Par ailleurs, dès qu’il arrive une mésaventure à l’un des enfants, il est le seul à s’inquiéter, ce qui traduit une certaine bonté. Il s’interroge sur leur avenir alors que les autres enfants ne lui prêtent aucune attention ; il n’y a eu aucun échange entre eux dans la chocolaterie. Pour autant, il ressent de la compassion pour ces enfants, il veut voir le meilleur en chacun d’eux.
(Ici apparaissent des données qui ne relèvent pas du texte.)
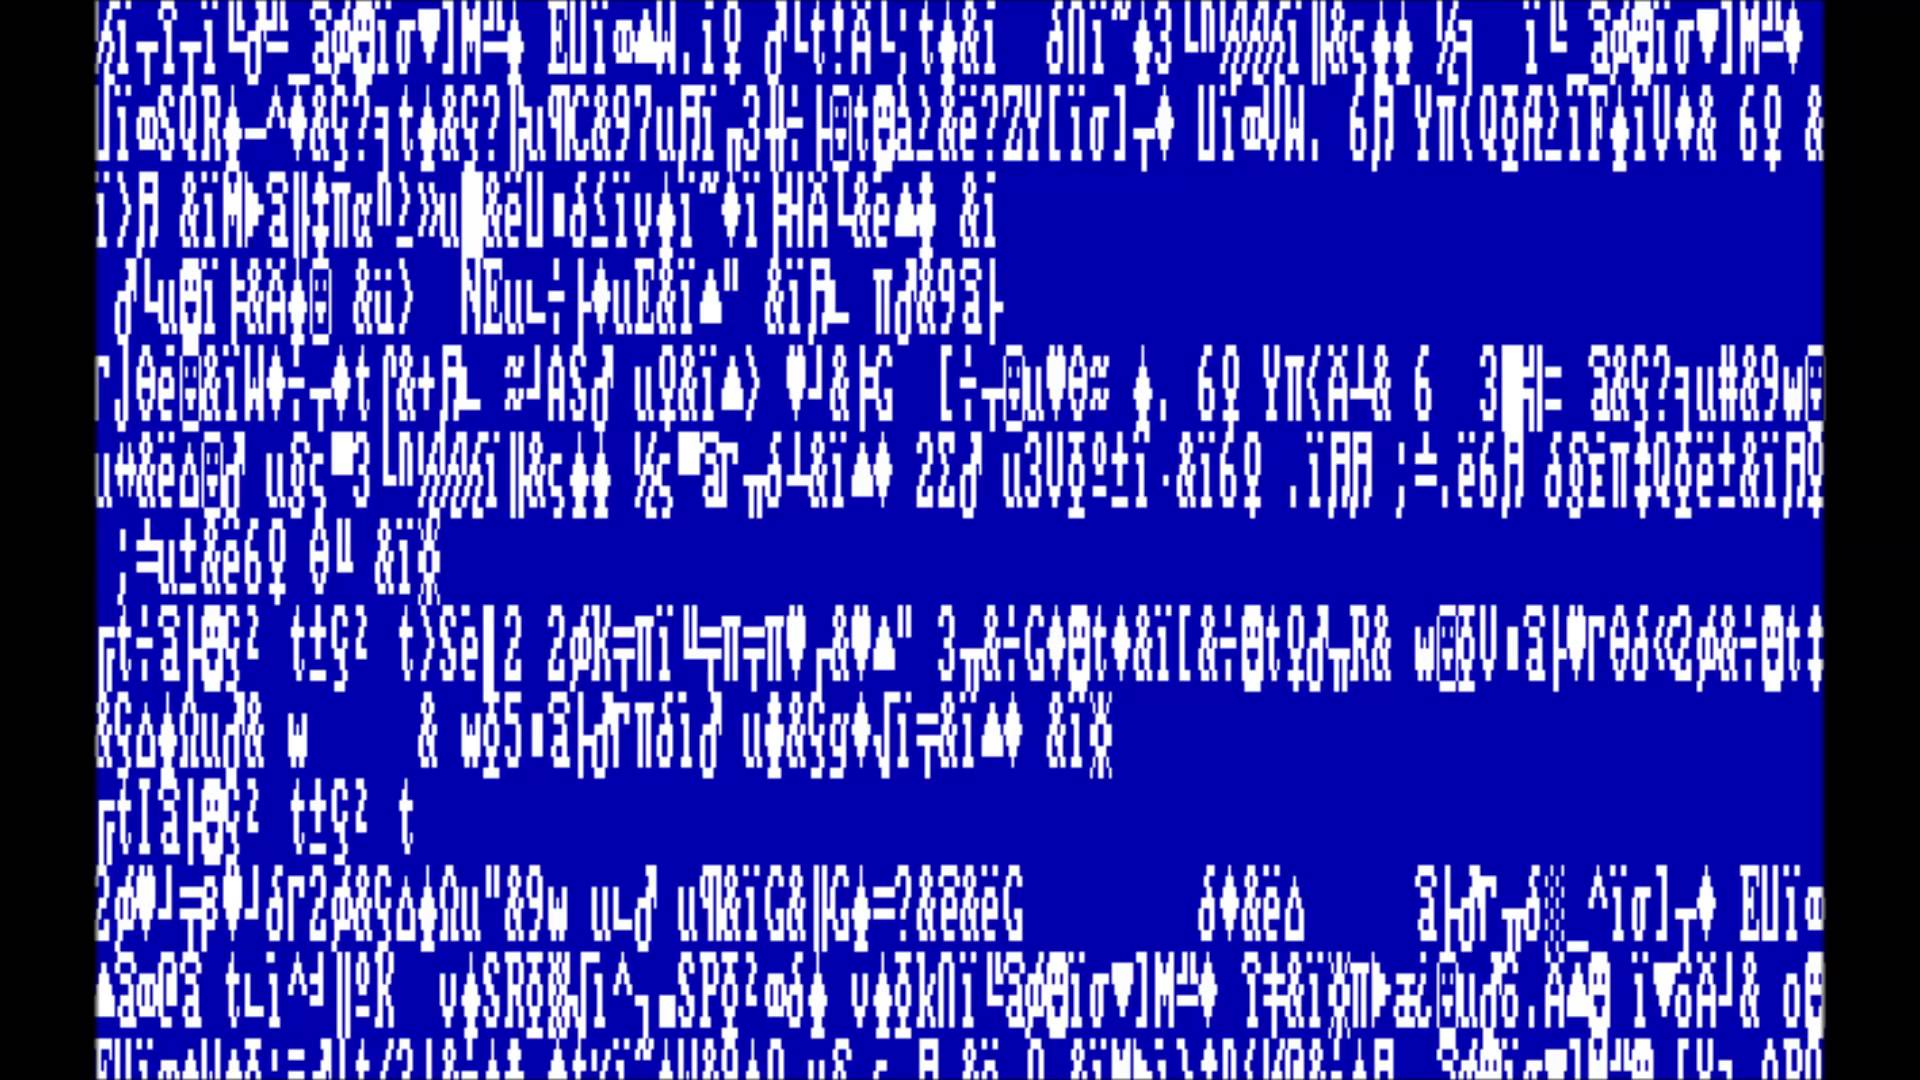 Файлы синего экрана. Синий экран смерти Windows 1. Экран бсод. Экран смерти на виндовс 1.0. Синий экран смерти Windows 1.0.
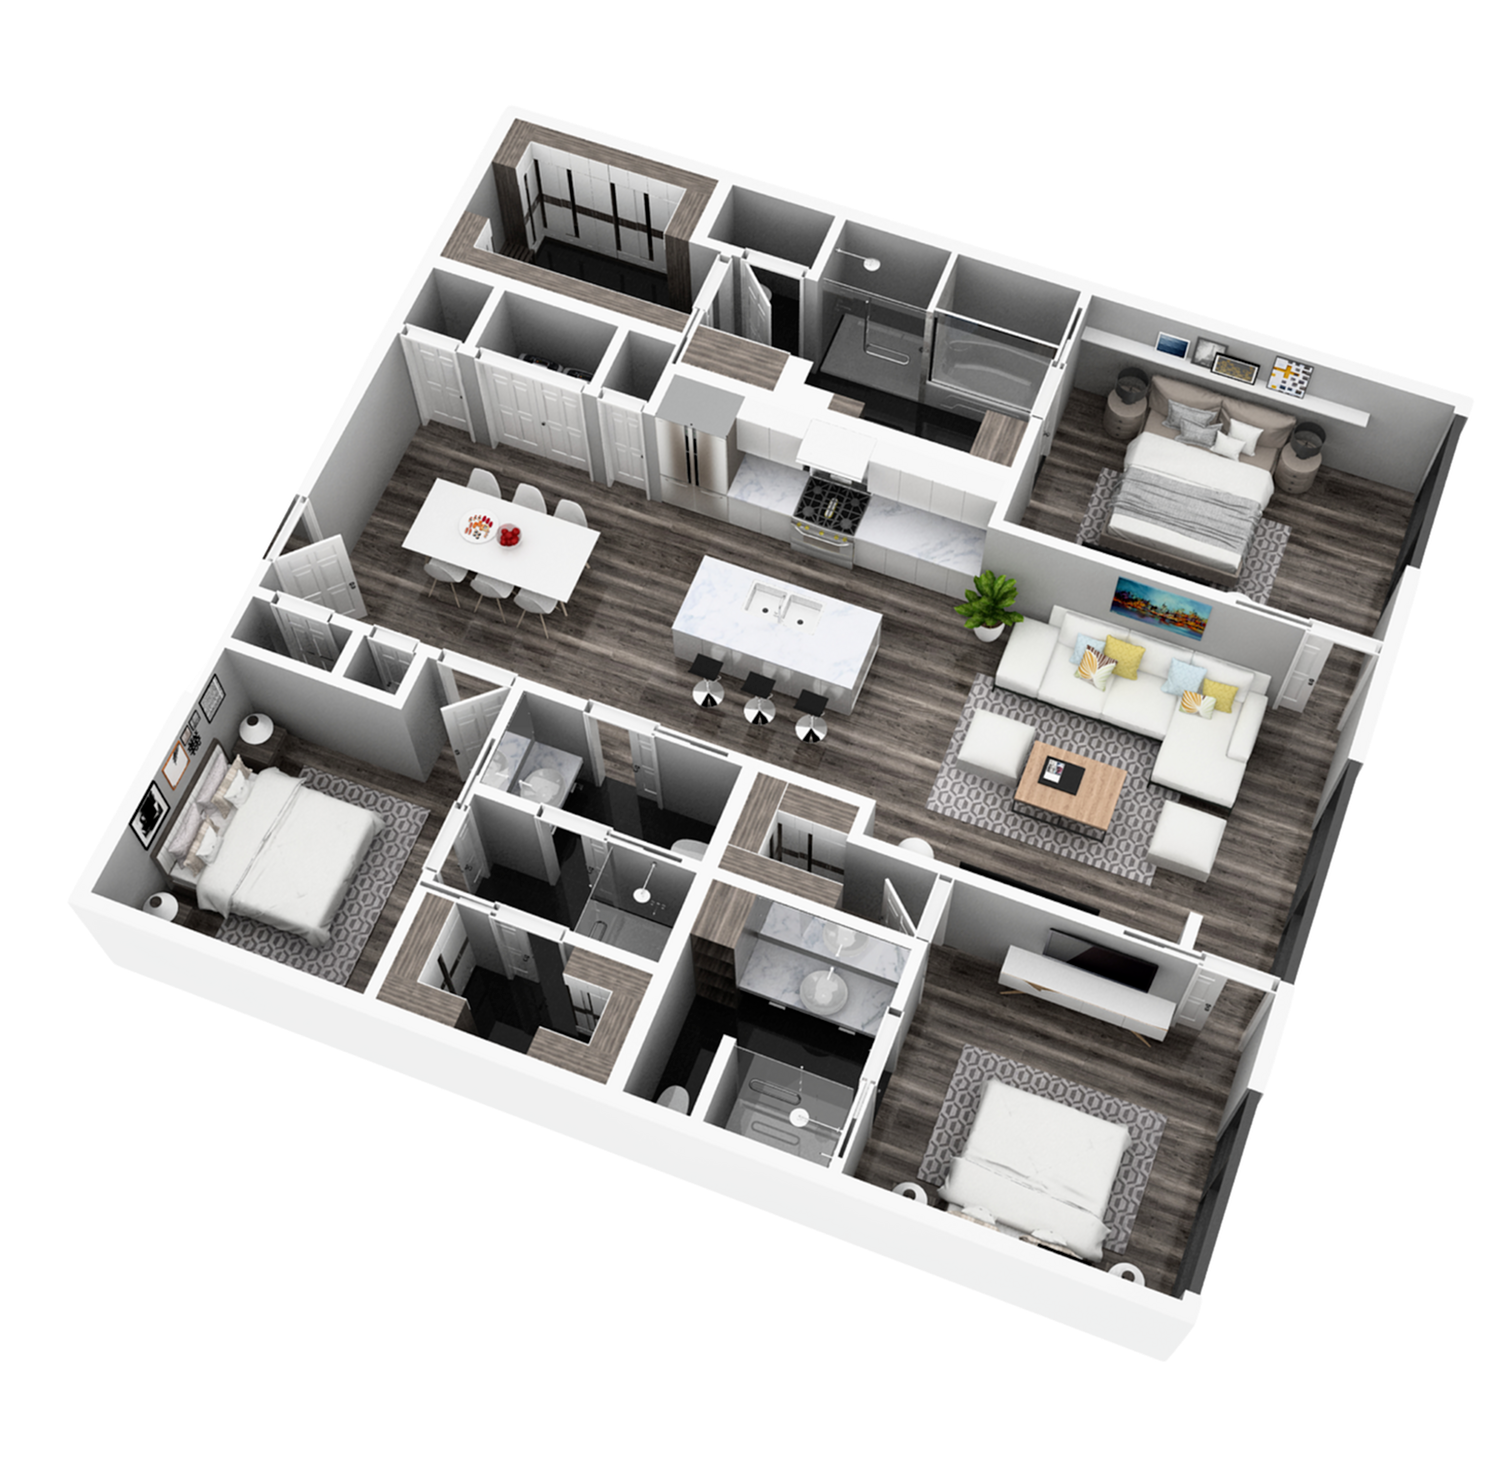 3 bedroom 3 bathroom 3D floorplan

Tant dans le livre que dans le film, Charlie BUCKET est présenté comme un enfant profondément gentil et dévoué pour sa famille. Ce n’est pas ses actions qui lui confère son statut de héros, c’est davantage sa manière d’affronter les difficultés sans jamais se plaindre, refusant que sa famille se sacrifie pour lui. Il ressent des émotions très fortes, quand il trouve le ticket, quand il entre dans la chocolaterie, quand il goûte les sucreries… Son statut de héros provient essentiellement de sa singularité, il est dans la simplicité et l’honnêteté ce qui tranche fortement avec les autres enfants. Cette attitude provient de sa condition sociale ; le manque le rend humble, conscient de ce que sont les vraies valeurs de la vie. Pour Roald DAHL et Tim BURTON, Charlie est un héros parce qu’il affronte vaillamment les difficultés ; jamais il ne se plaint tandis que les autres enfants, pour qui la vie est beaucoup plus clémente, sont toujours en train de gémir. Charlie est aussi un héros parce qu’il a le sens des responsabilités, il fait face aux situations difficiles et il refuse que sa famille se prive pour lui : « Ce matin, je l’ai bien entendu, sa mère a tenté vainement de lui abandonner son morceau de pain. Il n’y a pas touché. Elle a dû le reprendre ». Le héros accepte sa situation, affronte les difficultés, fait en sorte de pouvoir y pallier. La chance va le propulser, lui et sa famille, au rang de héros mais il détient déjà implicitement ce statut. Bien avant de trouver le ticket d’or, le lecteur avait déjà perçu qu’il était un enfant atypique, avec un comportement en tout point remarquable. Tim BURTON,à la fin de son film, accentue ce côté héroïque à la différence de Roald DAHL qui n’a pas insisté sur ce point. En effet, Willy WONKA explique à Charlie qu’il va devoir abandonner sa famille pour le rejoindre dans sa chocolaterie ce qui, selon lui, n’est pas un gros sacrifice. La réaction de Charlie rend compte de son attachement à l’égard de sa famille ; il refuse de renoncer à ce qu’il a de plus cher au monde. Il fait preuve d’une grande maturité en disant à Willy WONKA : « Alors je n’y vais pas ! Jamais je n’abandonnerai ma famille, pas pour tout le

chocolat du monde ». Willy WONKA est stupéfait ; à deux reprises il dit que « c’est bizarre ». La manière dont la scène est filmée est intéressante ; Willy WONKA est seul tandis que Charlie, légèrement sur le devant de la scène, est entouré de sa famille. Ce positionnement accentue d’avantage sa détermination. WONKA lui demande s’il est bien sûr de ce qu’il fait et Charlie plus déterminé que jamais lui répond sans même demander l’avis de ses parents : « J’en suis sûr ! ». C’est l’amour inconditionnel pour sa famille, qu’il n’abandonnerait pour rien au monde, qui en fait le vrai héros de l’histoire. Après cet épisode, bien qu’il ne vive pas dans la chocolaterie, on le voit avec ses parents, en train de réparer les dégâts causés par l’ascenseur de verre. Grand papa Joe est sorti de son lit, le père a retrouvé un emploi, il répare la machine qu’il avait remplacée quelques temps plus tôt. La famille réunie mange à sa faim tandis que l’on aperçoit Willy WONKA qui à l’inverse, sombre dans une dépression. On le retrouve allongé dans le cabinet d’un psychologue ; il explique être perdu, en manque d’inspiration, il n’a plus le moral. A ce stade de l’histoire, c’est bien Charlie qui prend une revanche sur la vie.